Let $x \in A$ and $y \in B$, where $A, B \subseteq \mathbb C$. Should then \begin{equation} \sup_{x\in A, y \in B} \lvert x + y \rvert \leq \sup_{x\in A} |x| + \sup_{y\in B} |y|? \end{equation}
I'm sruggling with this idea a bit, since it's been a few years since I took an analysis class and I spent the entire last school year studying math teacher "stuff", which only included high school level math at most.
This seems trivial, if I'm allowed to use the triangle inequality for complex moduli, but there is always some catch that I miss with these. I know that $s_A = \sup_{x\in A} |x| \geq |x|$ for all $x \in A$ and a similar claim holds for all $y \in B$: $s_B = \sup_{y\in B} |y| \geq |y|$ for all $y \in B$. With the lower bound, $s_C = \sup_{x\in A, y \in B} \lvert x + y \rvert \geq |x + y|$ for all $x \in A$ and $y \in B$.

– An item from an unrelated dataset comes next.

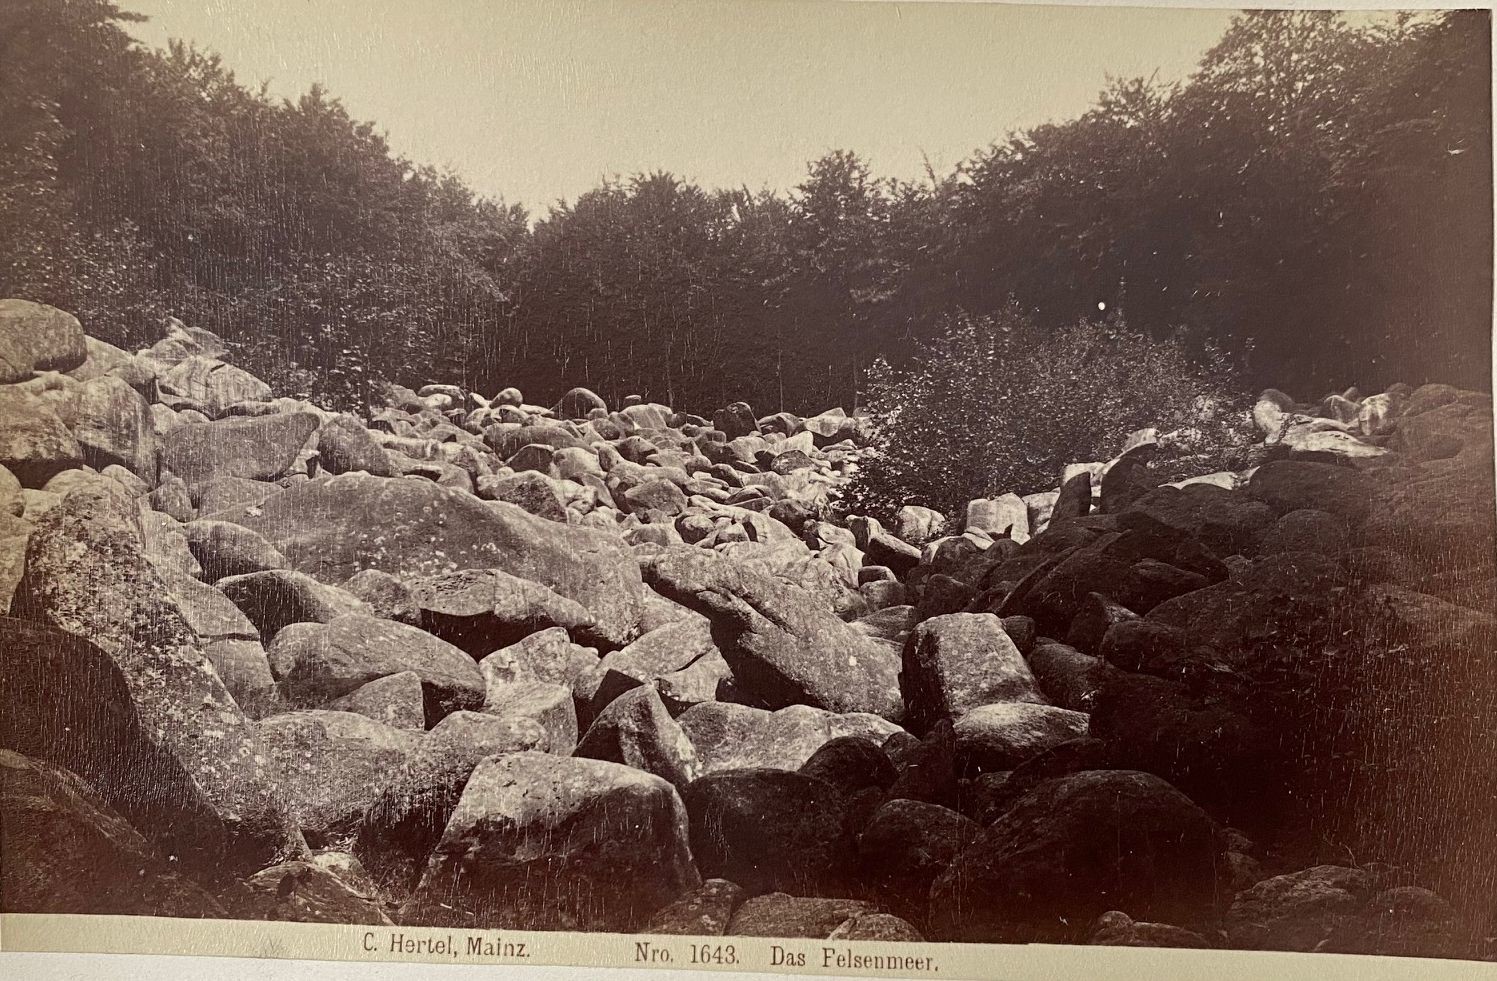 Fotografie, Carl Hertel No. 1643, Das Felsenmeer, ca. 1885 (Taunus-Rhein-Main - Regionalgeschichtliche Sammlung Dr. Stefan Naas CC BY-NC-SA)

Since the triangle inequality holds for every $x, y \in \mathbb C$, it should then hold for arbitrary subsets of the complex plane, and especially for the suprema of the moduli. I am surely missing something here, but what is it? How can I make this more rigorous?
If $x \in A$ and $y \in B$ then $|x+y| \leq |x|+|y| \leq s_A+s_B$. Taking sup over $x$ and $y$ we see that $\sup_{x \in A, y \in B} |x+y| \leq s_A+s_B$.